> What the task requires: Repeat the listing exactly. Pictures stay out of your copy.

> Information shown:
* * *

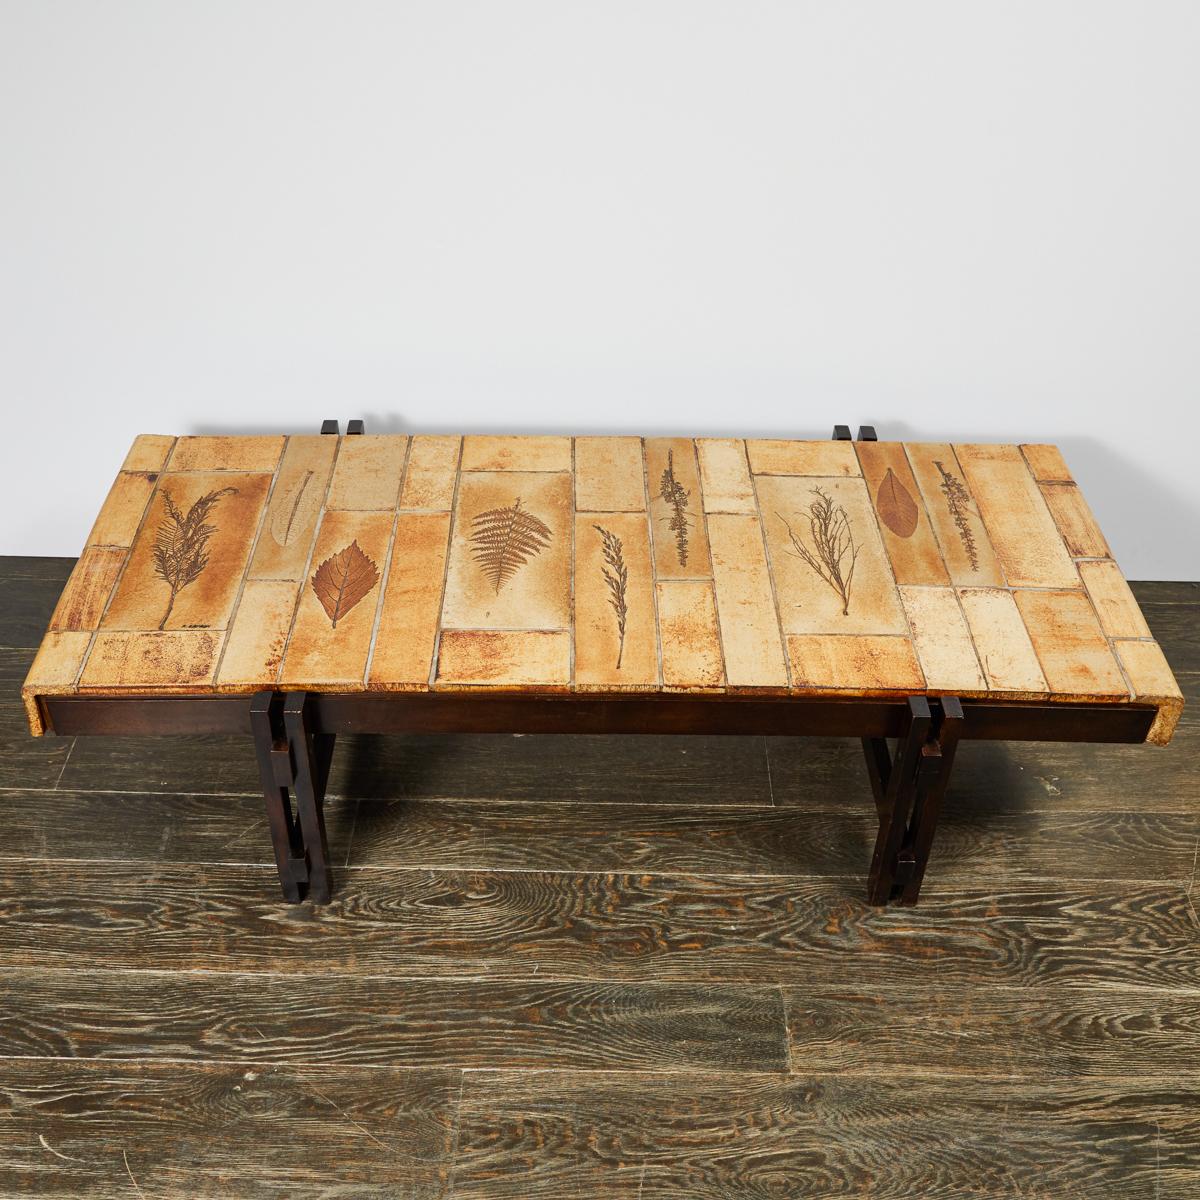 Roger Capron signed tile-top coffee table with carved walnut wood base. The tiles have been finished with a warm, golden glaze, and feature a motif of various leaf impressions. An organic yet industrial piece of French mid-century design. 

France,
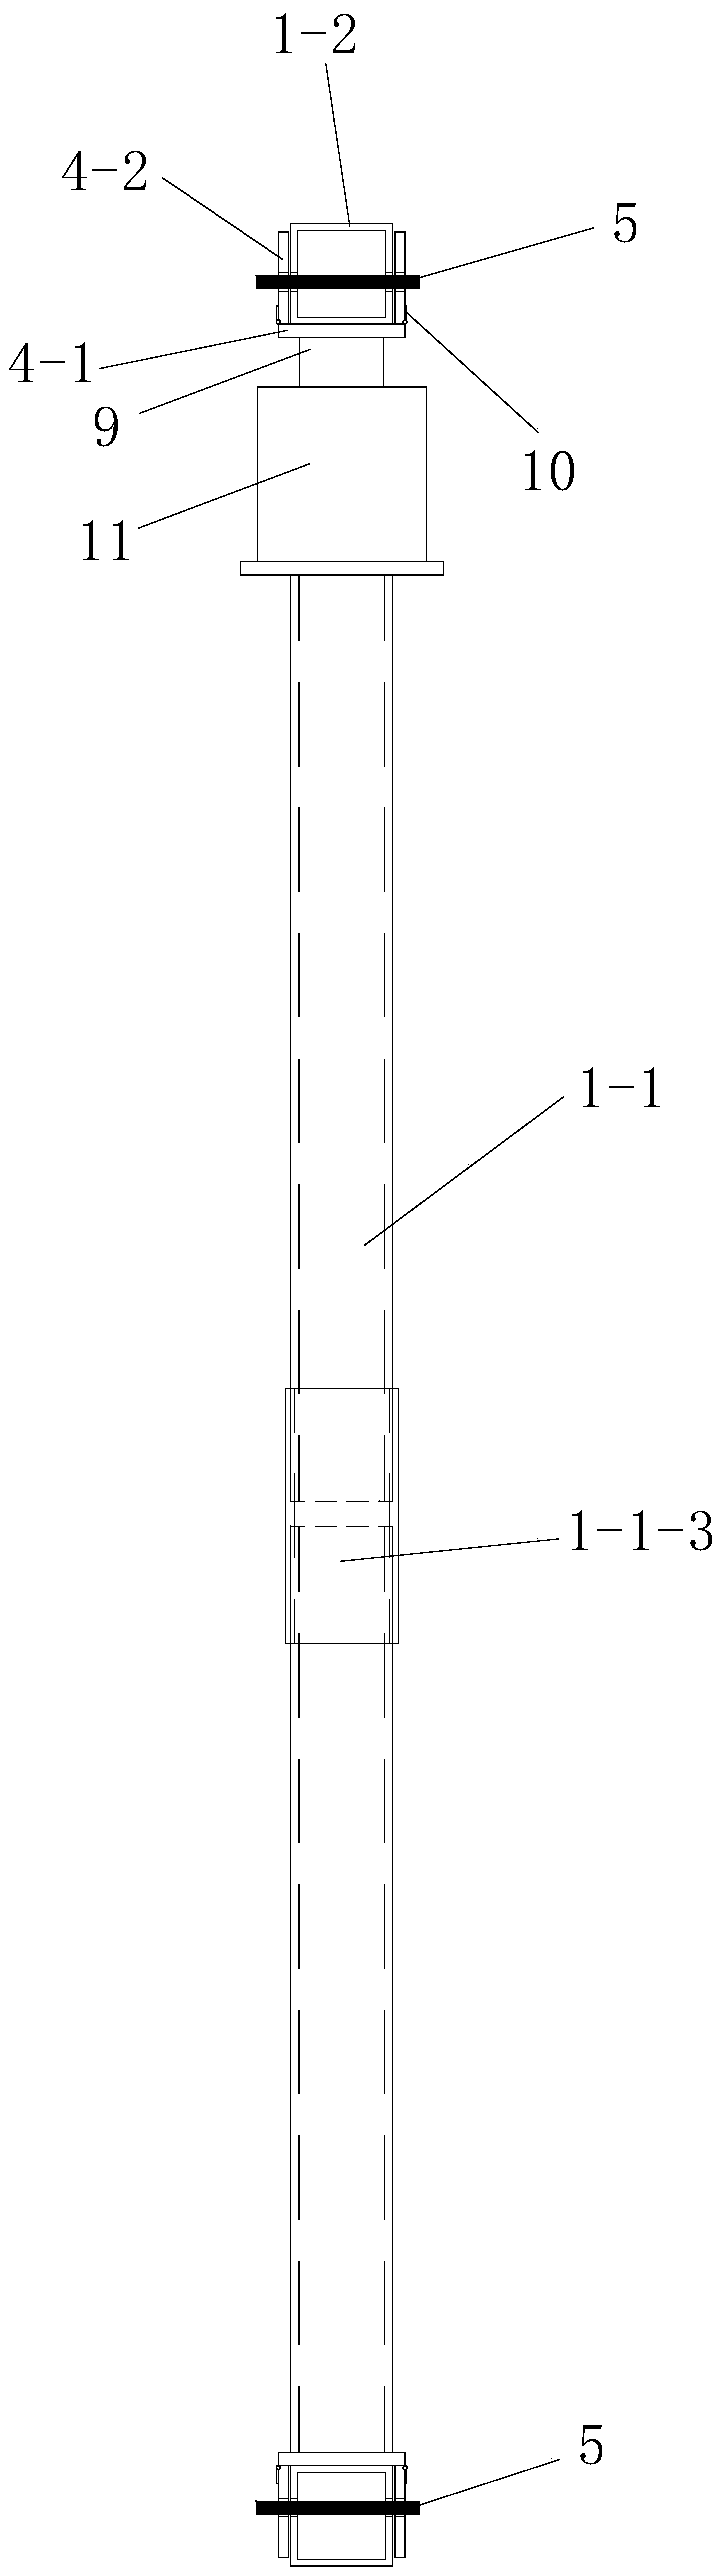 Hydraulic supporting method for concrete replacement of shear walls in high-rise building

* * *

> Output below:
 Roger Capron signed tile-top coffee table with carved walnut wood base. The tiles have been finished with a warm, golden glaze, and feature a motif of various leaf impressions. An organic yet industrial piece of French mid-century design. 

France,
 Hydraulic supporting method for concrete replacement of shear walls in high-rise building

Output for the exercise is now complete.